Let’s look at the Scriptural evidence beginning with the teaching of Christ Himself. We might introduce this by asking the question, Why did Christ teach Nicodemus the truth of the most well-beloved and memorized verse in all of the Bible, John 3:16? It must have been because of a deep theological misunderstanding which Nicodemus had regarding God’s dealings with the world. Jesus told him, “For God so loved the world.”

Nicodemus believed, as did all the religious leaders and elite of Judaism, that God’s covenant with Israel meant that only they were the elect ones for salvation. Nicodemus was the Calvinist of his day. Only the Jews were predestined for eternal life. All the Gentiles were predestined for damnation and destruction.

This theology continues to this day in the great systems of religion including Catholicism and Protestantism. Its Protestant representatives are Presbyterians, Reformed Baptists, Reformed Church, etc.

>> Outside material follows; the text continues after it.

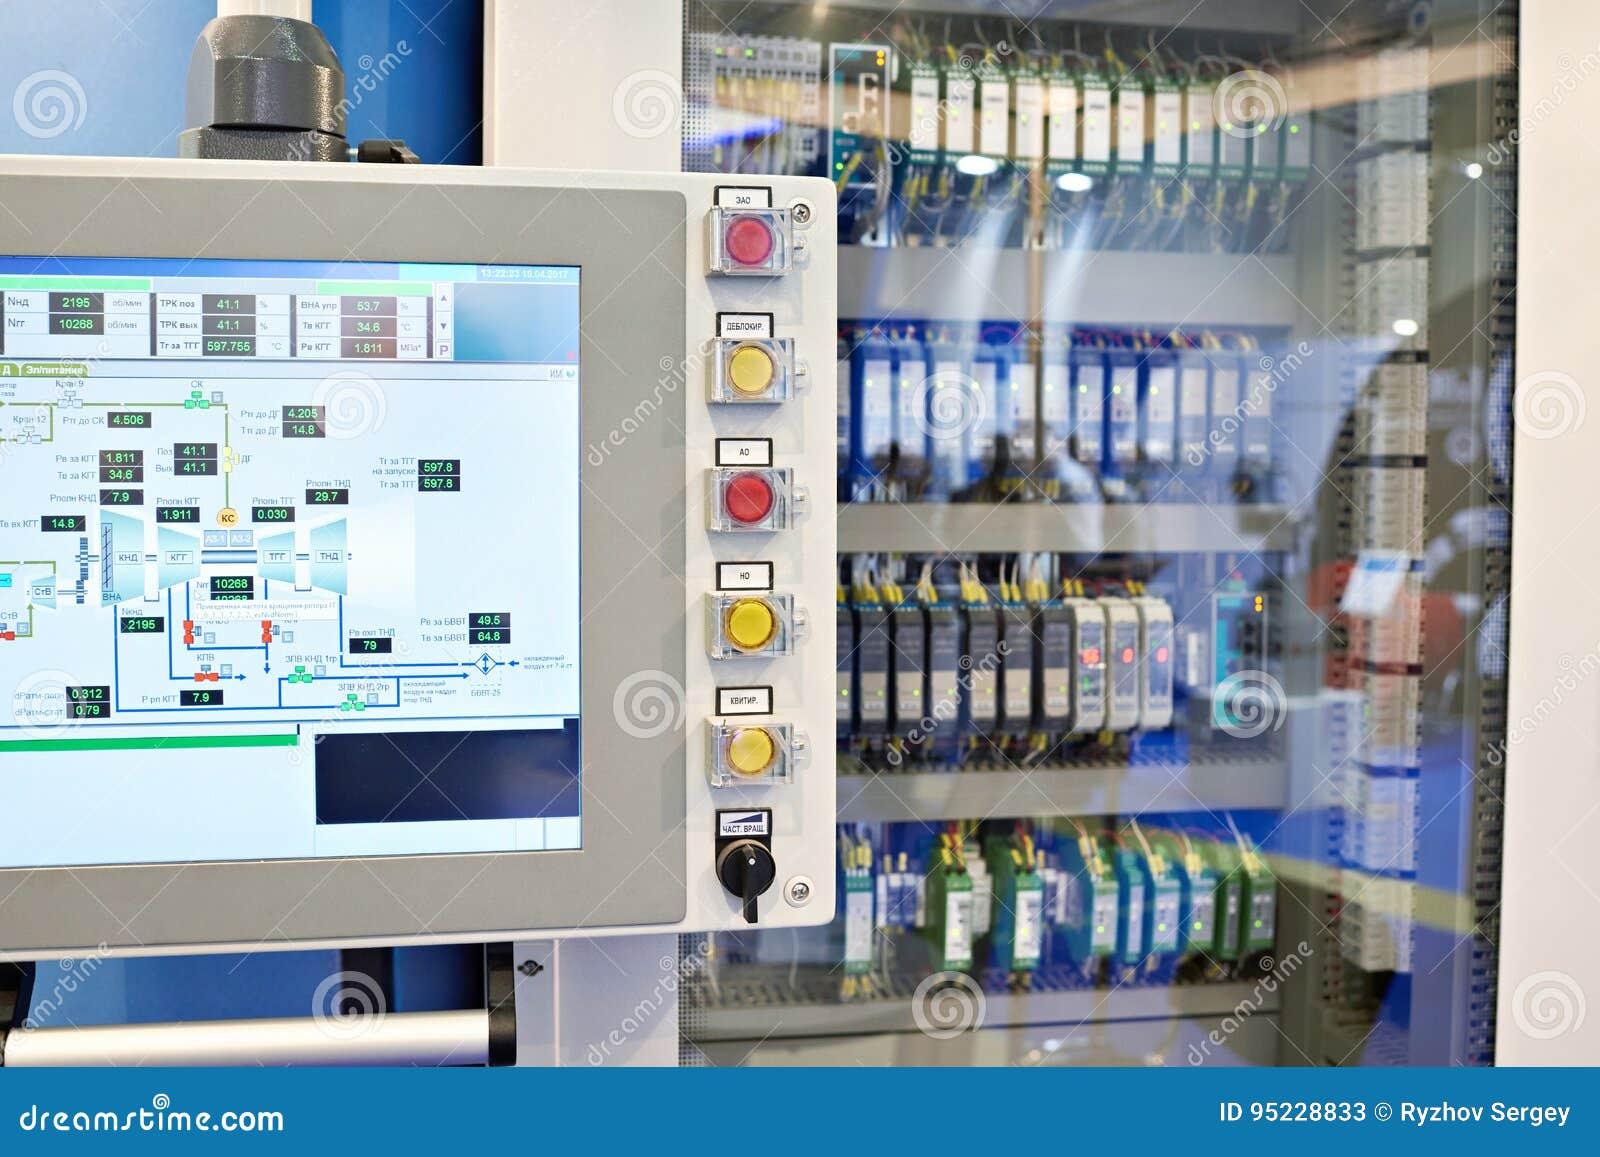 Пульт управления для automatics двигателей и насосов

The other evangelical counterpoint to this is Arminianism which arose during the seventeenth century in Europe which saw the universal dimensions of Christ’s death for the world. It teaches that Christ’s death was sufficient to embrace every one, but it is not effective until faith is exercised by the recipient. In other words, Christ offers salvation to all. The atoning sacrifice is an atonement for sin provided one believes. So there is prevenient grace and means by which God has of reaching mankind with the gospel of Jesus Christ, but man must choose to believe the provisional gift. This might be expressed in terms of showing some genuine proffer of building a relationship with God.

However, Jesus taught the pure truth to Nicodemus when He said, “For God so loved the world, that He gave His only begotten Son” (John 3:16). Christ is God’s gift to the world. This gift has a legal basis in that Christ has been constituted Head of the race; and this gift is voluntary in that Christ of His own volition, motivated by love, pledged Himself as Surety for sinners.

Christ uses a legal term to indicate what this means for the world. “For God sent not His Son into the world to condemn the world; but that the world through Him might be saved.” John 3:17. If the world was condemned by God in sending His Son, then it would be instantly destroyed for its sin. But it does not stand in a judicial state of condemnation for it is not condemned. The extent of this Divine judicial action embraces the totality of the world.

Jesus went on to teach, however, that the present, individual choices with respect to God’s gift of Christ, short-circuits God’s pardon. “He that believeth on Him is not condemned: but He that believeth not is condemned already, because he hath not believed in the name of the only begotten Son of God.” John 3:18. Thus the future day of judgment for the unbeliever becomes a present reality of condemnation. Nevertheless, the probationer continues to live briefly by the gracious life of God given to him or her; and at any time prior to death or the coming of Christ one may choose life in the Son. John 3:36.